• [Exercise]: Transcribe exactly the lines from the one containing "Calendario de vacunación." through the end of the data, both included. Leave out pictures.
[Opening Provided material section]
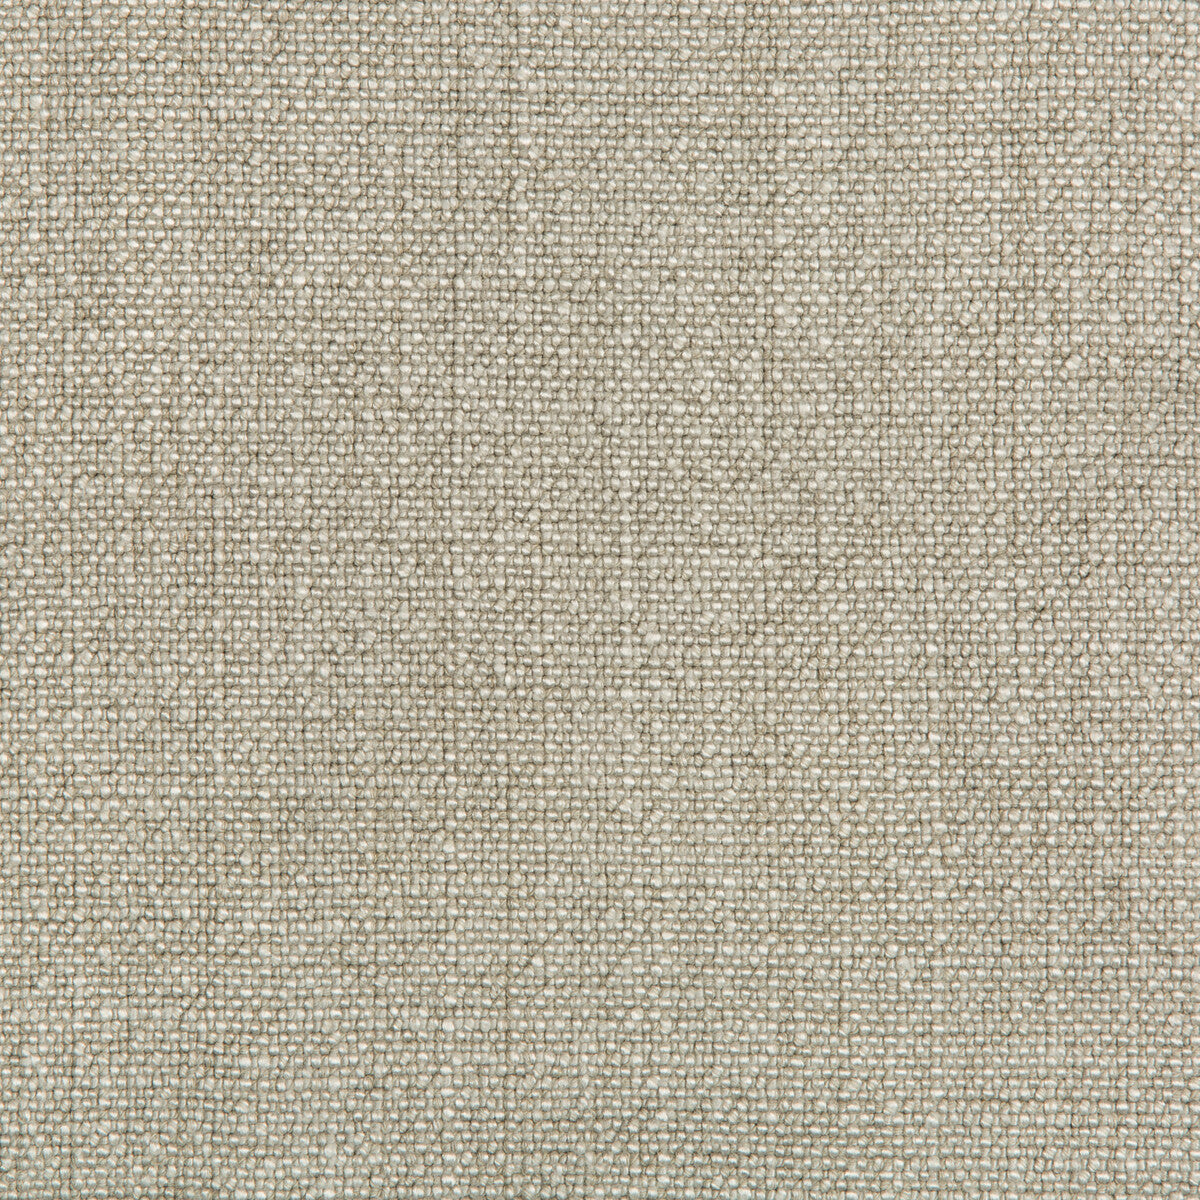 Kravet Basics fabric in 35189-1111 color - pattern 35189.1111.0 - by Kravet Basics
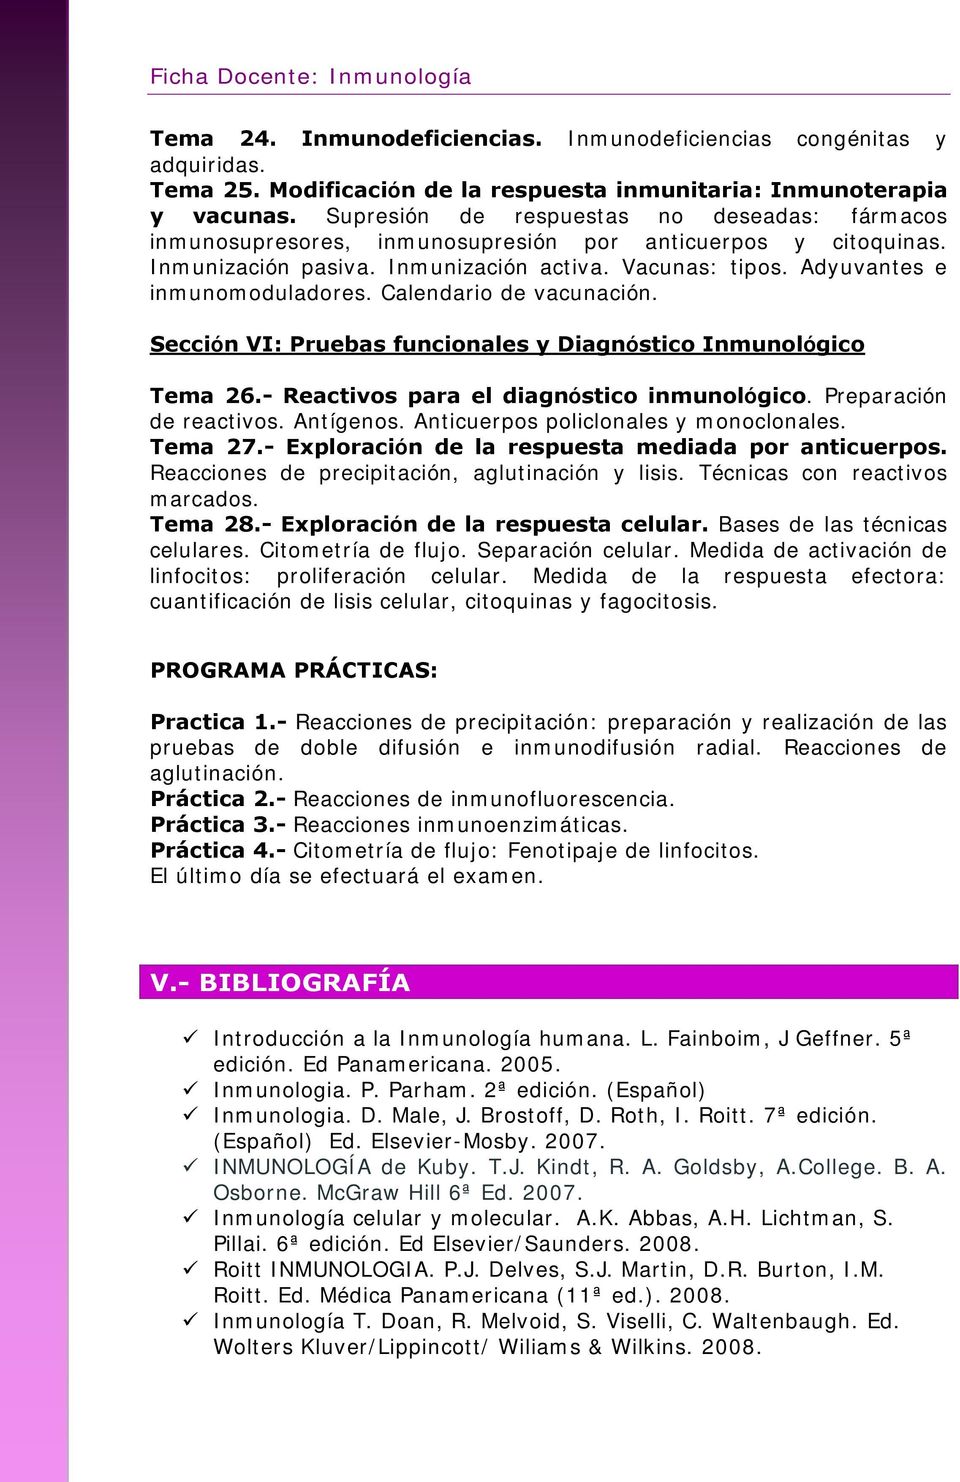 Calendario de vacunación. Sección VI: Pruebas funcionales y Diagnóstico Inmunológico Tema 26.- Reactivos para el diagnóstico inmunológico. Preparación de reactivos. Antígenos.
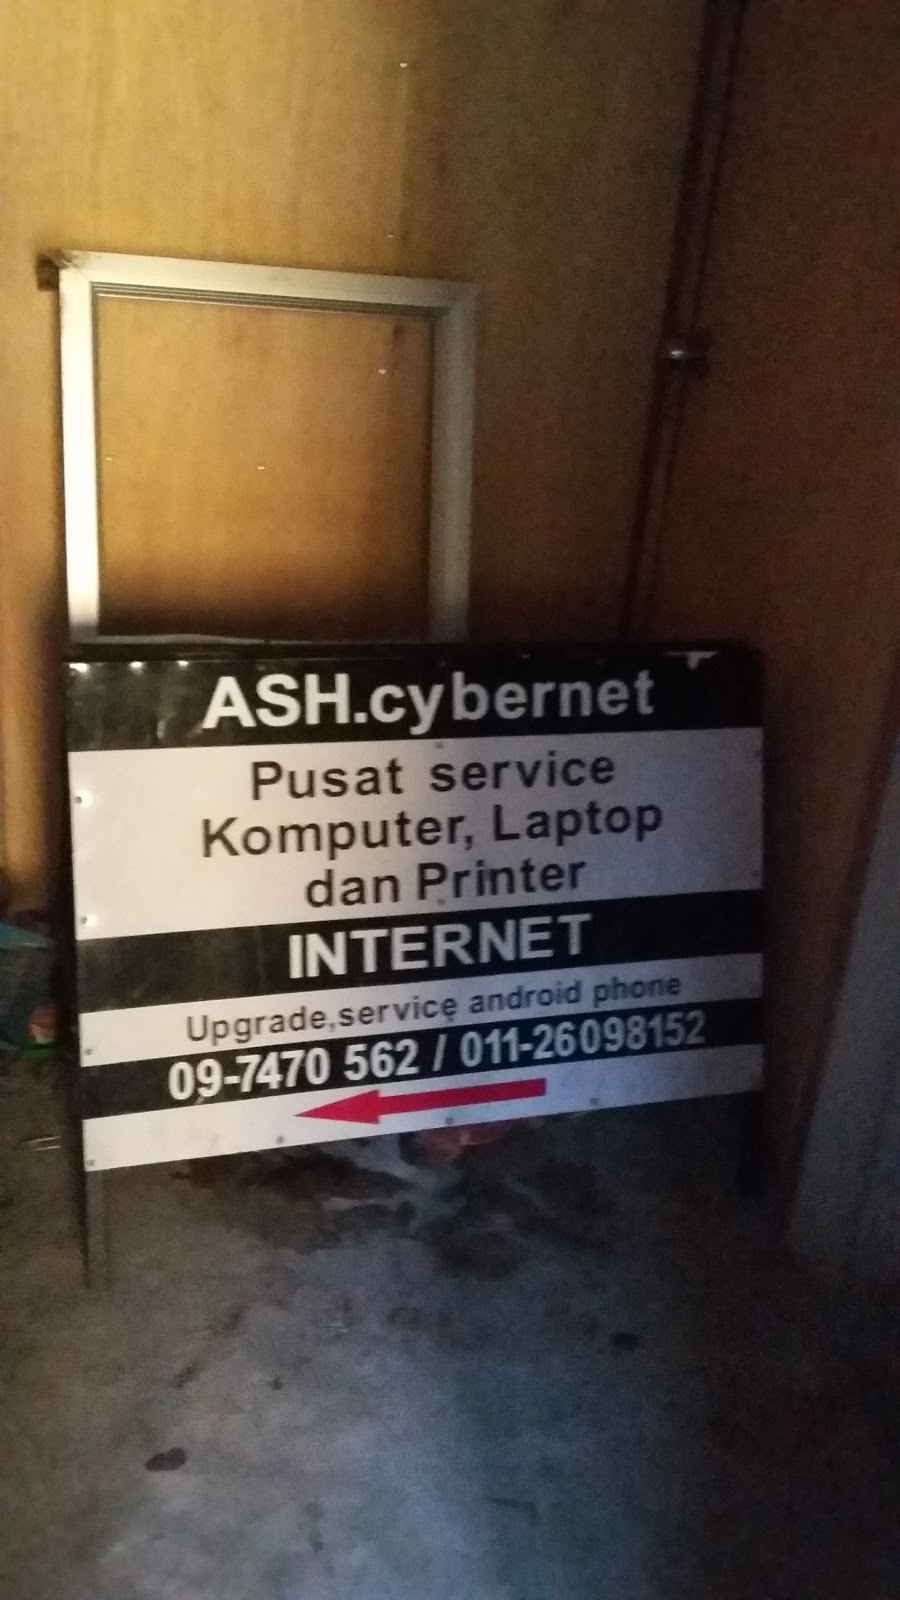 ASH. Cybernet
[Closing Provided material section]
• [Solution to this task]:
 Calendario de vacunación. Sección VI: Pruebas funcionales y Diagnóstico Inmunológico Tema 26.- Reactivos para el diagnóstico inmunológico. Preparación de reactivos. Antígenos.
 ASH. Cybernet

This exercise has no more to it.